La guerre d’usure économique entre la Russie et les nations occidentales prend une nouvelle dimension maritime. Alors que les sanctions visent à restreindre les capacités d’exportation de Moscou, le Kremlin vient de tracer une ligne rouge concernant l’interception de ses bâtiments de commerce. Dans une déclaration relayée par Al Jazeera, un haut responsable russe a officialisé un changement de doctrine qui pourrait militariser les routes commerciales de l’Atlantique et de la Baltique.
Nikolai Patrushev, proche conseiller de Vladimir Poutine et figure centrale de la stratégie maritime russe, a averti que la marine nationale pourrait désormais être déployée pour empêcher toute saisie de navires russes par les puissances occidentales. Cette déclaration intervient alors que l’Occident intensifie sa traque de la « flotte fantôme », ce réseau de navires utilisé par Moscou pour contourner les sanctions sur les exportations de pétrole et de céréales.
Une mise en garde directe à Paris et Londres
Le message du Kremlin cible explicitement trois acteurs : le Royaume-Uni, la France et les États baltes. Selon Nikolai Patrushev, ces nations se livrent à des actes s’apparentant à de la « piraterie » contre la flotte marchande russe. « Si nous ne résistons pas de manière décisive, les Anglais, les Français et même les Baltes seront bientôt assez audacieux pour tenter de bloquer l’accès aux mers pour notre pays », a-t-il déclaré au journal Argumenty i Fakty.
Pour Moscou, la réponse ne doit plus être diplomatique, mais militaire. Patrushev affirme que « le meilleur garant de la sécurité de la navigation est la marine » et appelle au déploiement permanent de forces substantielles, y compris dans des régions éloignées de la Russie, capables de « refroidir l’ardeur des pirates occidentaux ».
Le précédent du pétrolier « Grinch »
Cette escalade verbale fait suite à plusieurs incidents concrets en mer. En janvier, les autorités françaises ont intercepté le pétrolier Grinch en Méditerranée, soupçonné d’appartenir à la flotte fantôme russe et de violer les sanctions européennes. Le navire a été immobilisé près de Marseille pendant trois semaines.
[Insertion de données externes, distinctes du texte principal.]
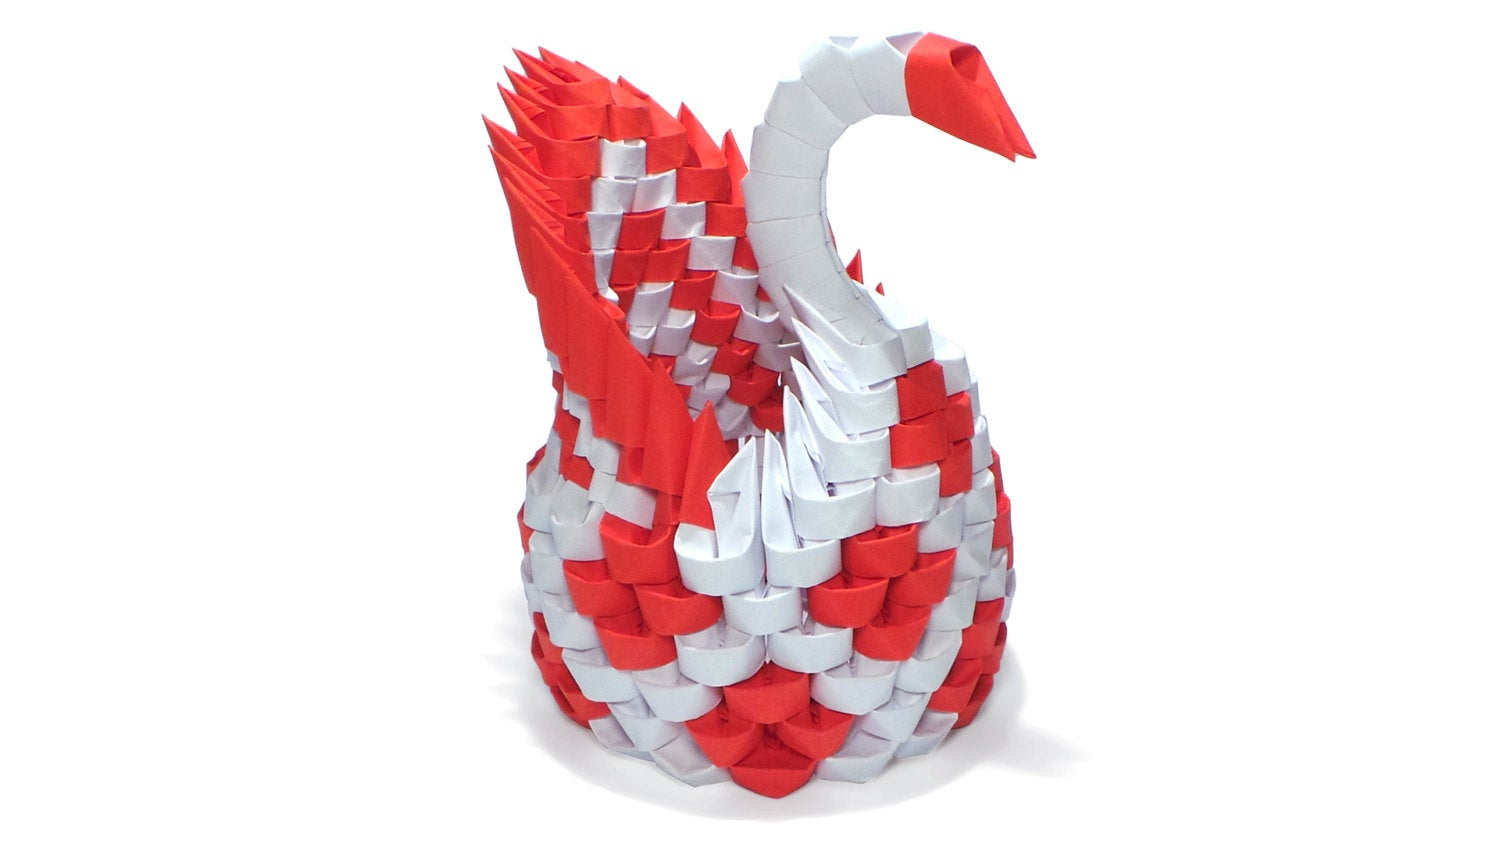 3D Origami Small Swan 3d Origami Mini Diamon Patter Swan Lots Of Colors Etsy

Mardi, le ministre français des Affaires étrangères, Jean-Noël Barrot, a confirmé la libération du navire, mais uniquement après le paiement d’une amende de plusieurs millions d’euros par son propriétaire. « Contourner les sanctions européennes a un prix », a souligné le ministre, affirmant que la Russie ne pourrait plus financer sa guerre « en toute impunité » via ces réseaux maritimes.
D’autres incidents alimentent la colère de Moscou. En septembre dernier, la France avait également détenu le Boracay, un navire battant pavillon béninois mais lié à la Russie. Son capitaine chinois doit comparaître devant la justice française la semaine prochaine. Vladimir Poutine avait déjà qualifié cette action de « piraterie ».
La crainte d’un blocus de Kaliningrad
Au-delà des saisies de pétroliers, le Kremlin redoute une stratégie plus large de l’OTAN visant l’enclave de Kaliningrad, située sur la mer Baltique. Nikolai Patrushev accuse les Européens de « tester les limites » de la patience russe en planifiant un blocus naval de ce territoire stratégique.
L’avertissement est sans équivoque : si une solution pacifique échoue, « le blocus sera brisé et éliminé par la marine ». Les États-Unis, de leur côté, maintiennent la pression, ayant eux aussi saisi en janvier un pétrolier battant pavillon russe, le Marinera, pour violation des sanctions liées au Venezuela.